| House prices 'drop 1.9% in March'
According to Halifax, UK house prices have fallen 1.9% in March compared with the previous months. In the opinion of a lender, now part of Lloyds Banking Group, the current conditions in the housing market would be tough in the remaining months of year 2009.
The average UK home now costs £157,226, at least £30,000 less than the previous year. Although there has been a slight rise in house prices in March as reported by the Nationwide, Halifax says the homebuyer confidence was still low.
The annual rate ( which is based on a three-month by three-month comparison) of decline was up slightly with house prices being down by 17.5% in March, compared with a record drop of 17.7% in February. When comparing the average house price from March 2009, compared with March 2008, the drop was 17.6%.
According to Martin Ellis, Halifax Housing Economist, conditions in the UK housing market may be tough during the remainder of 2009, despite the improvements in affordability. He said that due to rising unemployment, low consumer confidence and the squeeze on mortgage finance could be the main causes for the exertion of the "downward pressure" on the housing market over the coming months.
The month-on-month change is in contrast to the sudden bounce in the house prices by 0.9% in March as reported by the Nationwide Building Society, UK. They say that it is too early to forecast that the bottom of the house market had been reached, according to their short term rise price figures.
Stability
Nationwide points out that the average UK property price dropped by 4.2% in the first three months of 2009 compared with the last quarter of 2008, according to the less volatile three-month on three-month measure.

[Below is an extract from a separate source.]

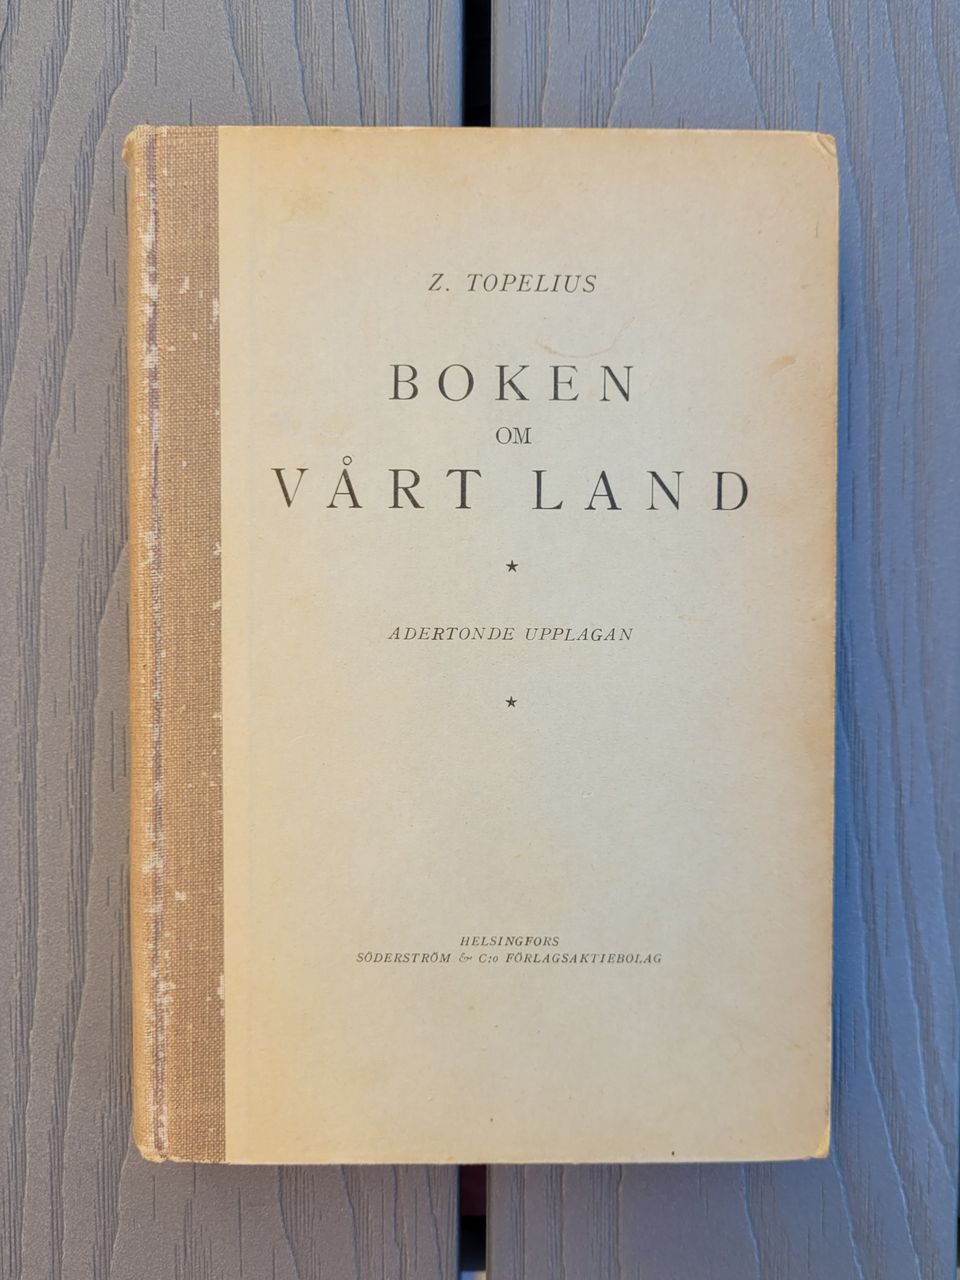 Z. Topelius: Boken om vårt land (1934)

Halifax’s suggested house prices had fallen by 2.7% over the last quarter, a much smaller decrease than the 5% to 6% falls it recorded in each of the three previous quarters, ie., in year 2008. Mr. Ellis says that because of more mortgages being approved by banks and building societies recently, houses are more affordable now than at any time since early 2003 and at its toughest in July 2007. He thinks that the existing mortgage-holders were benefitting from the falling bank interest rates.
Mr. Ellis adds that the average existing mortgage borrower was devoting to home loan repayments which fell from a peak of 26.9% of household income in October 2008 to 22.6% in February 2009.
David Smith, senior partner at Dreweatt Neate estate agents, is of opinion that there is an inherent volatility to house price right now and because of this it has become a sideways moving market – with the odd spike up or down - and will remain so most likely for the rest of 2009.